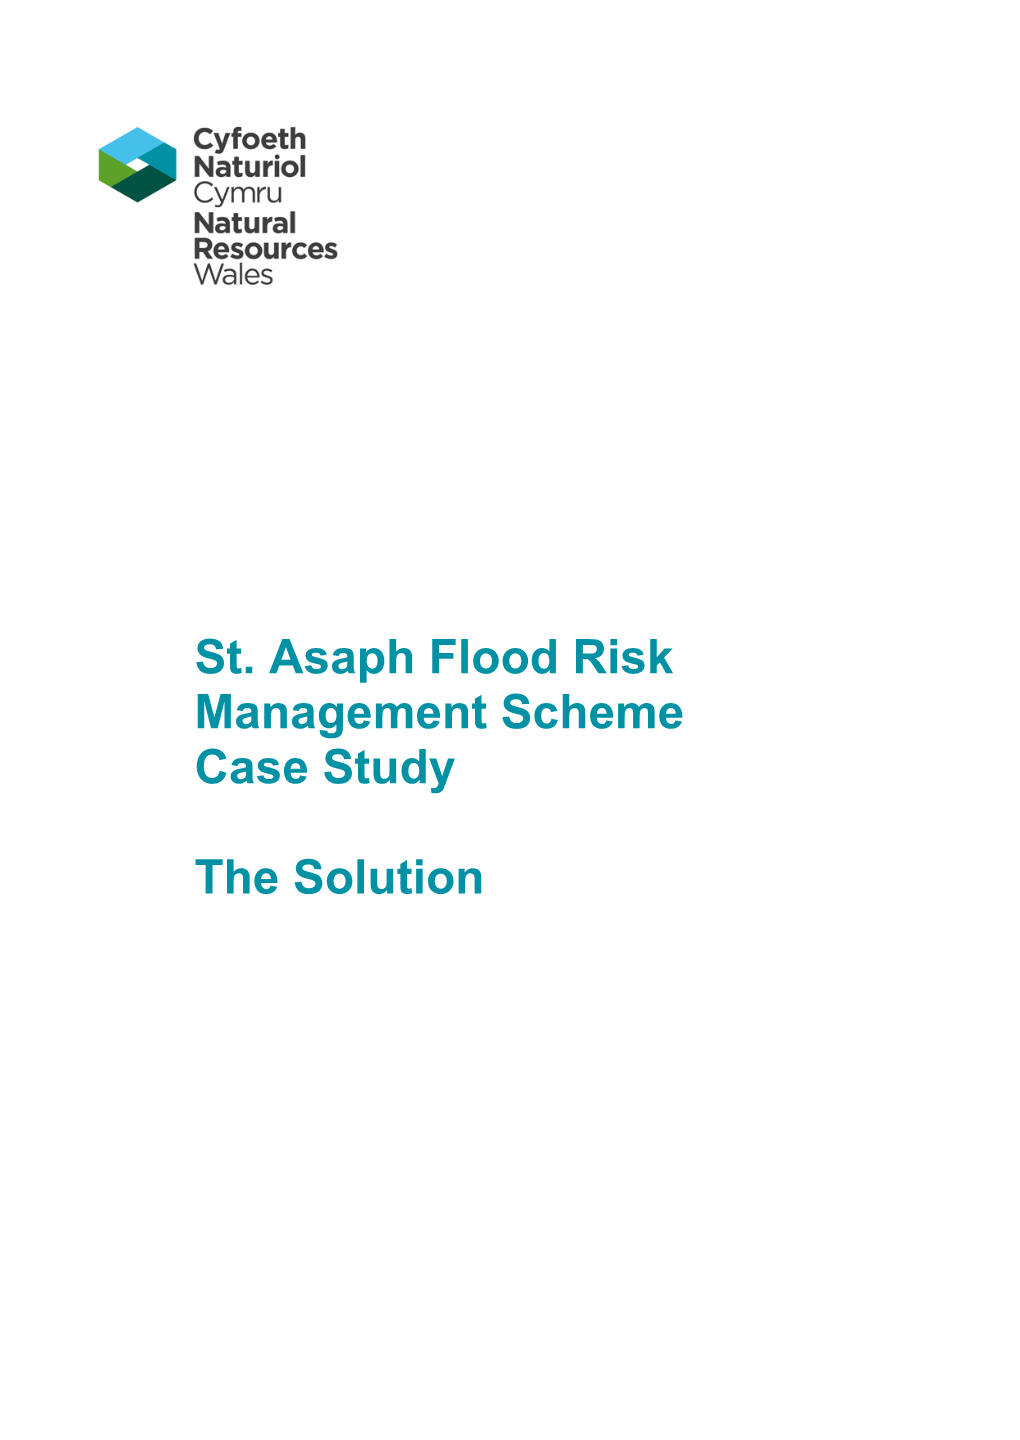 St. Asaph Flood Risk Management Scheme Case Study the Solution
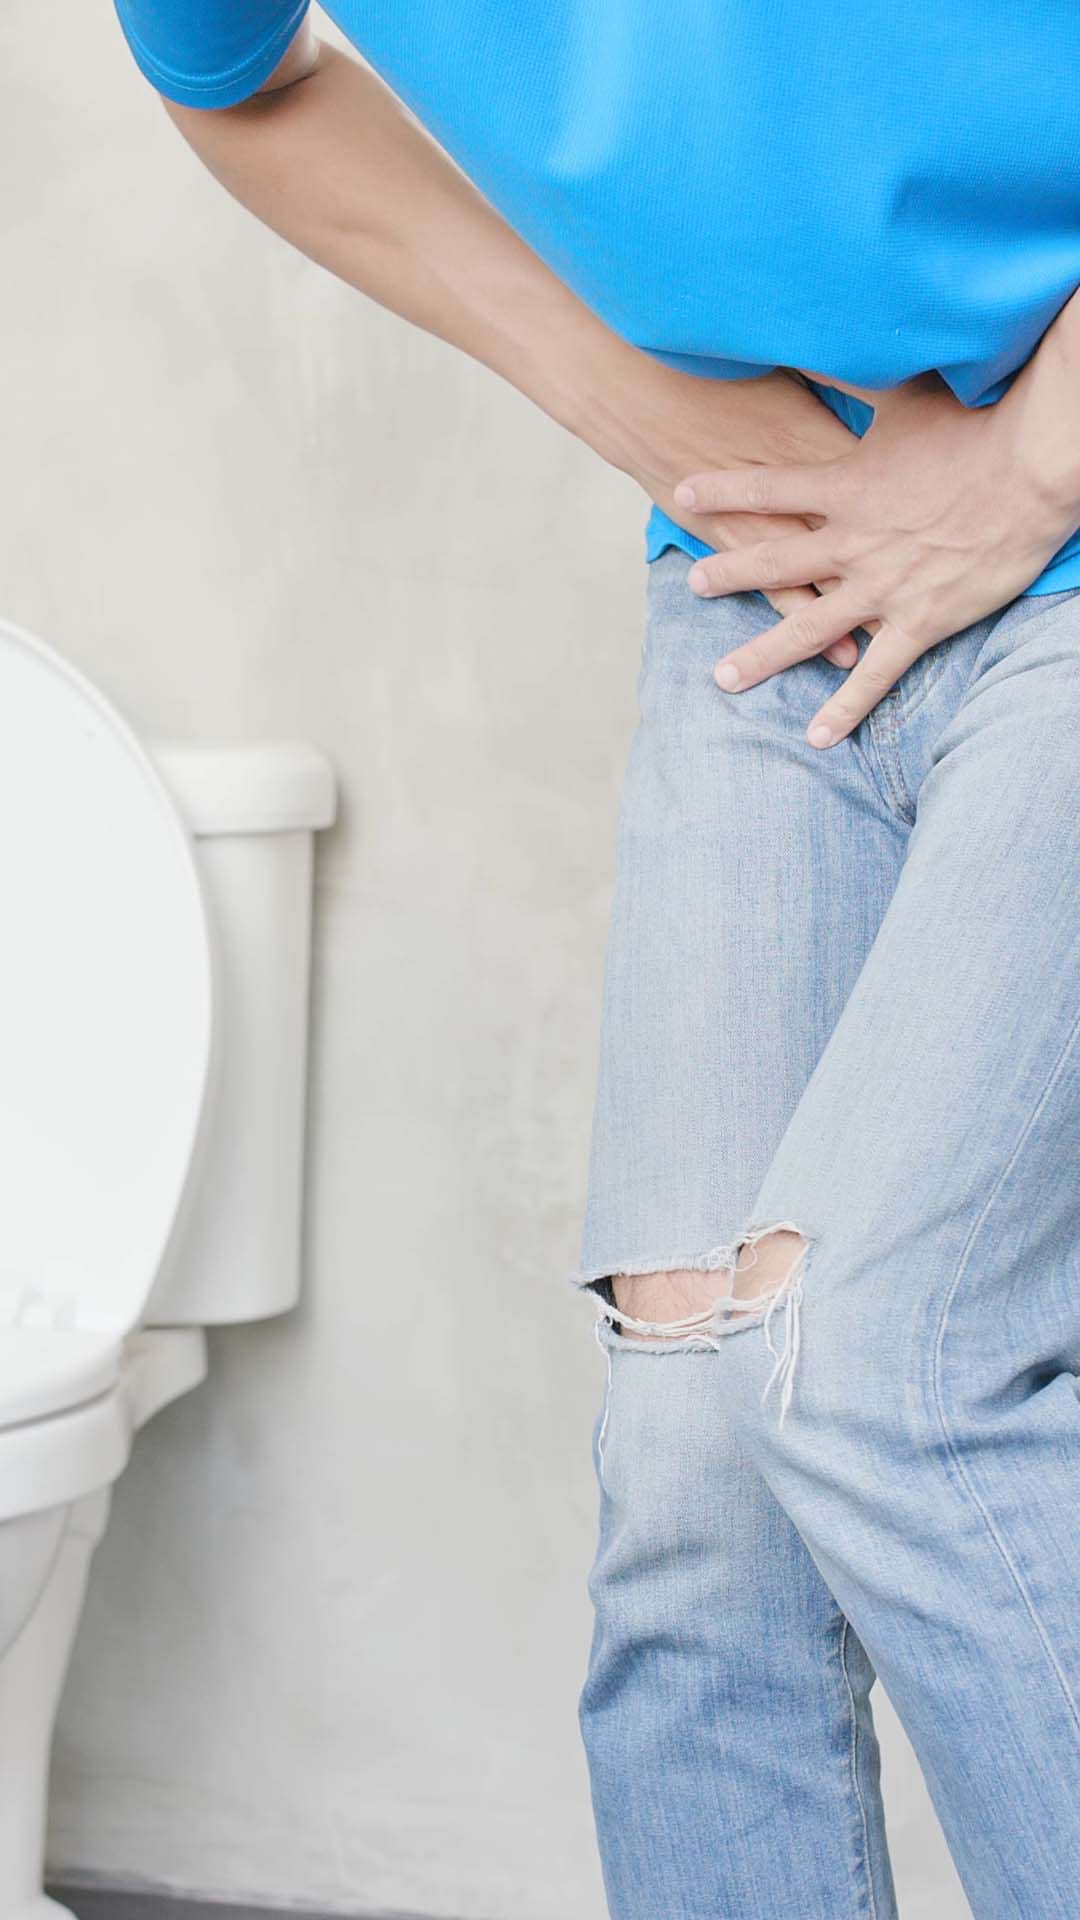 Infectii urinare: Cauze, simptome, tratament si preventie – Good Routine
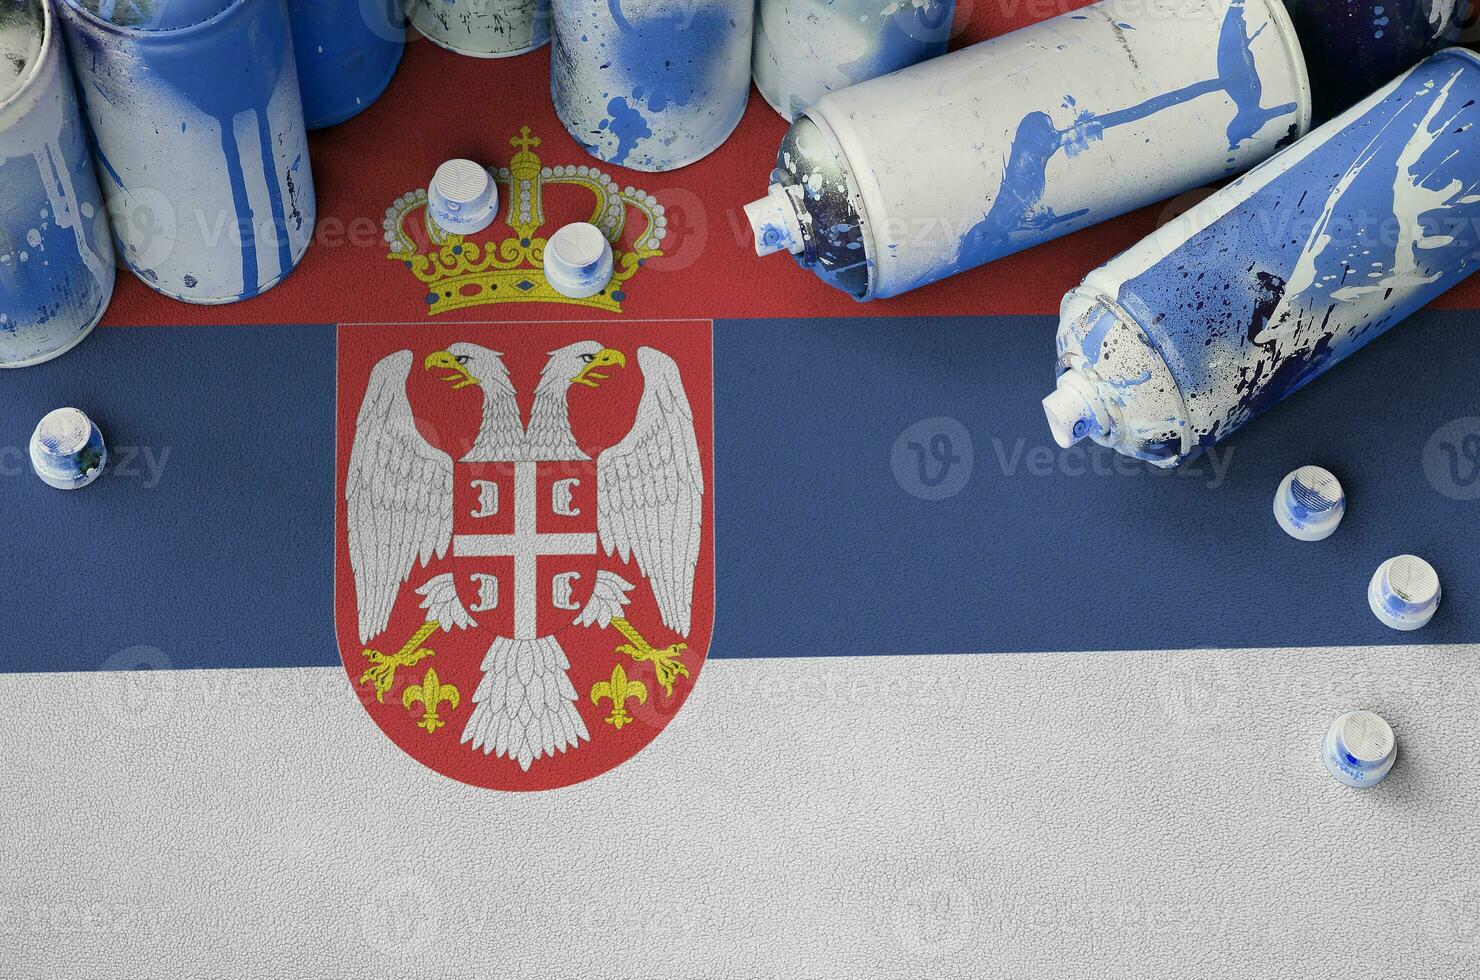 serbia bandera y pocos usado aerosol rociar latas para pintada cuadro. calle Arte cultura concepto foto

TASK TO COMPLETE
Output all the material verbatim, skipping every image.

RESULT BELOW
 St. Asaph Flood Risk Management Scheme Case Study the Solution
 Infectii urinare: Cauze, simptome, tratament si preventie – Good Routine
 serbia bandera y pocos usado aerosol rociar latas para pintada cuadro. calle Arte cultura concepto foto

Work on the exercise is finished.